Димка задумался. Клад – это ведь разные старинные монеты. Дорогие, конечно, но без взрослых не продашь. А если маме отдать, она всё на эту дуру потратит.
– Не надо. Давай просто поплаваем. Может, я больше не смогу приходить каждый вечер, мать не пустит.
Импи покладисто кивнула. Они долго плескались, гонялись друг за другом, перекидывались мячиком, который уплыл у туристов, а Импи нашла. Вода была тёплая, как парное молоко.
– Слушай, а до меня ты дружила с кем-нибудь? – спросил Димка, когда они вылезли на берег. Он крепко хранил тайну Импи, но порой очень хотелось поговорить с кем-нибудь, кто знает о русалке. Да и дружить компанией веселее.
– Не помню, – она перестала расчёсывать зеленоватые волосы. Опустила руку с гребнем на колени, уставилась в тёмную воду. – Я мало что помню о себе. Понимаешь, я сплю каждую зиму. Там, на дне. Весной просыпаюсь, а прошлого лета в памяти как не бывало. Странно, да?
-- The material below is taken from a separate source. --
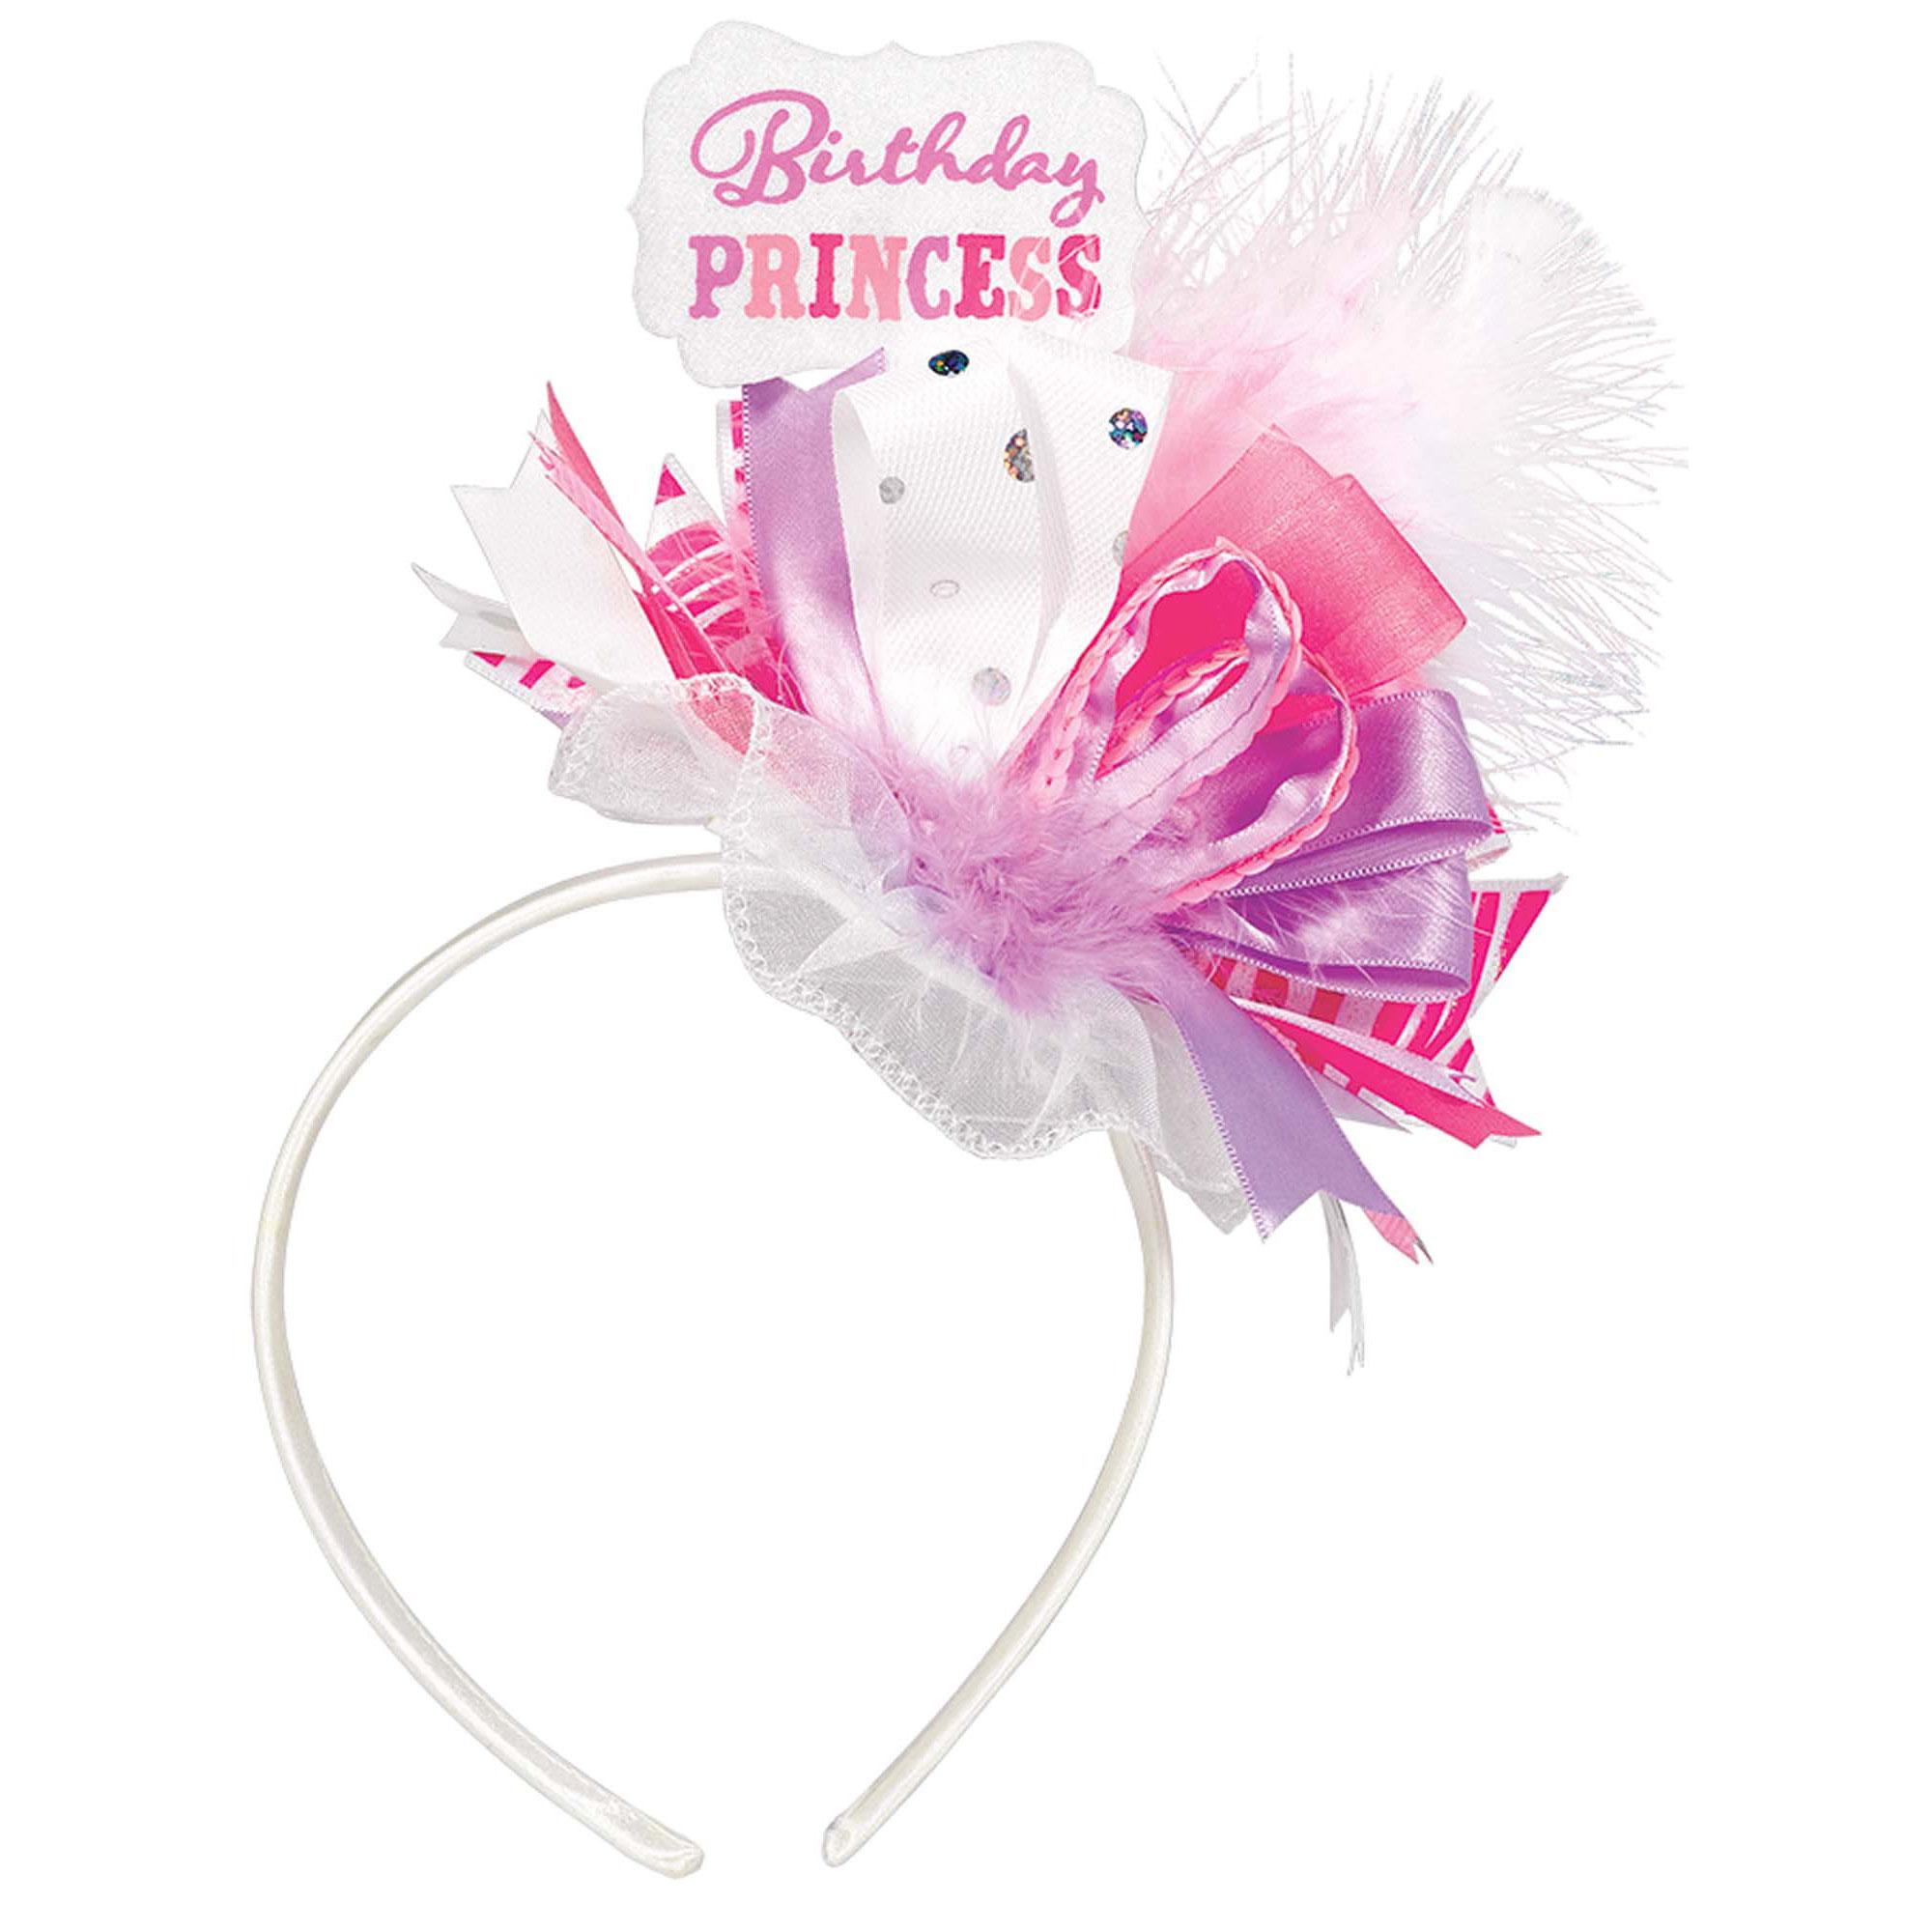 Birthday Princess Fashion Headband Costumes & Apparel - Party Centre

А жизнь свою, настоящую жизнь, помню, как вчера было.
– Ты и меня через год забудешь?
Она внимательно посмотрела на него.
– Мне кажется, я тебя помню… немножко. Ты прошлым летом приезжал?
– И позапрошлым тоже, только ненадолго. Тогда дед ещё жив был, он меня на рыбалку брал. А одного к воде не отпускал. Ты меня правда видела?
– Мне так кажется, – она невесело улыбнулась. – Я не хочу тебя забывать. Обещай, что следующим летом придёшь сюда и всё мне расскажешь! И про эту ночь тоже. Обещаешь?
Димке нестерпимо захотелось обнять её, обещать, что он вообще никуда не уедет и всегда будет рядом. Но как такое скажешь? Он ведь здесь всего до осени, а вернётся ли на следующее лето – неизвестно.
– Я постараюсь, – сказал он. – Обещаю. Я очень-очень постараюсь.
Внезапно потемнело. Набежавшие тучи занавесили белое небо.
– Пора тебе, – сказала Импи. – А то дождь скоро начнётся.
– Туристов намочит, – хмыкнул Димка. – Все костры им зальёт.
– И поделом. Они в воду плюют и мальков пугают, – Импи вздохнула. – Но всё равно, я бы хотела снова стать человеком. Только не взрослым, а ребёнком, чтобы прожить заново целую жизнь.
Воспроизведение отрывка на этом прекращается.